# Bran Flakes?



## dannw

I currently have bran flakes for my breakfast (which I enjoy), but having reading here oats seem to be the way to go.

so my question is are bran flakes good for you as a healthy diet or should i swap to oats?

thanks danny


----------



## Ash1981

dannw said:


> I currently have bran flakes for my breakfast (which I enjoy), but having reading here oats seem to be the way to go.
> 
> so my question is are bran flakes good for you as a healthy diet or should i swap to oats?
> 
> thanks danny


Oats all day long mate


----------



## Tomo1984

oats


----------



## whackedout

I am guessing the oats are a better source of energy than the bran flakes. The bran might be a better source of fibre.


----------



## rs007

I like the bran flakes too mate, especially with ice cold FF milk.

Oats are superb though, and without sounding like a snob, recently I have noticed the sheer difference in taste and texture between the sh1tty cheap ones, and the slighly more expensive ones, worth the extra in my opinion. Asda have these ones on offer just now, come in a dark blue box, its Asda brand but from their "extra special" range - the oats are massive and next to no powdery stuff, I eat them straight from the box!

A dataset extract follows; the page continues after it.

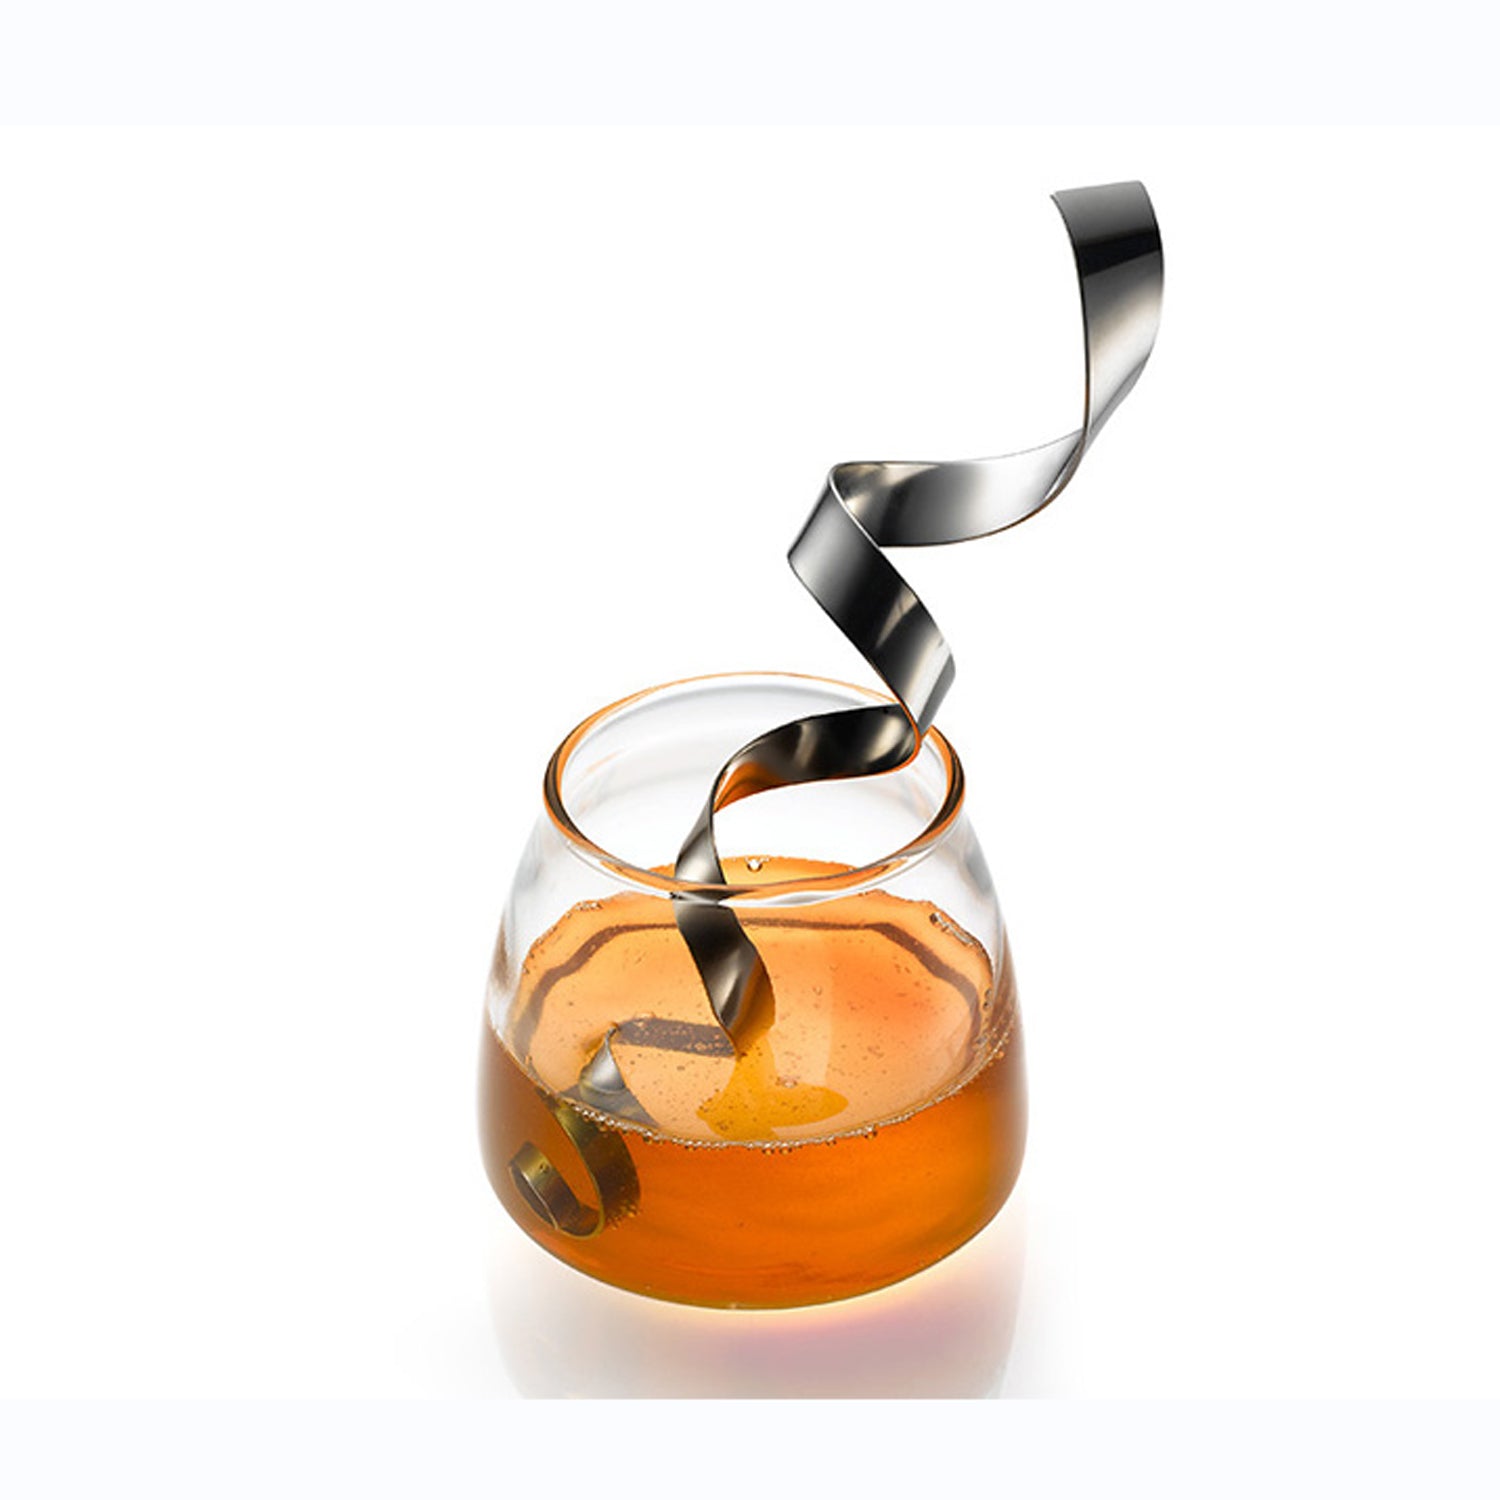 Laura Cowan - Ribbon honey dipper and honey pot

Nothing to stop you mixing? This is essentially what muesli is, and in fact you could make yourself an awesome taylor made mix, bran flakes, jumbo oats, crushed nuts, raisins - choices are endless.

Dried banana chips mmmmm

:lol:


----------



## dannw

rs007 said:


> I like the bran flakes too mate, especially with ice cold FF milk.
> 
> Oats are superb though, and without sounding like a snob, recently I have noticed the sheer difference in taste and texture between the sh1tty cheap ones, and the slighly more expensive ones, worth the extra in my opinion. Asda have these ones on offer just now, come in a dark blue box, its Asda brand but from their "extra special" range - the oats are massive and next to no powdery stuff, I eat them straight from the box!
> 
> Nothing to stop you mixing? This is essentially what muesli is, and in fact you could make yourself an awesome taylor made mix, bran flakes, jumbo oats, crushed nuts, raisins - choices are endless.
> 
> Dried banana chips mmmmm
> 
> :lol:


Thanks mate, the ones I got from asda are really nice but they come with loads of dried raisins, are the raisins OK to eat or should I remove them as they are full of sugar?


----------



## Bri

rs007 said:


> I like the bran flakes too mate, especially with ice cold FF milk.
> 
> Oats are superb though, and without sounding like a snob, recently I have noticed the sheer difference in taste and texture between the sh1tty cheap ones, and the slighly more expensive ones, worth the extra in my opinion. Asda have these ones on offer just now, come in a dark blue box, its Asda brand but from their "extra special" range - the oats are massive and next to no powdery stuff, I eat them straight from the box!
> 
> Nothing to stop you mixing? This is essentially what muesli is, and in fact you could make yourself an awesome taylor made mix, bran flakes, jumbo oats, crushed nuts, raisins - choices are endless.
> 
> Dried banana chips mmmmm
> 
> :lol:


Blatantly doin that!


----------



## rs007

dannw said:


> Thanks mate, the ones I got from asda are really nice but they come with loads of dried raisins, are the raisins OK to eat or should I remove them as they are full of sugar?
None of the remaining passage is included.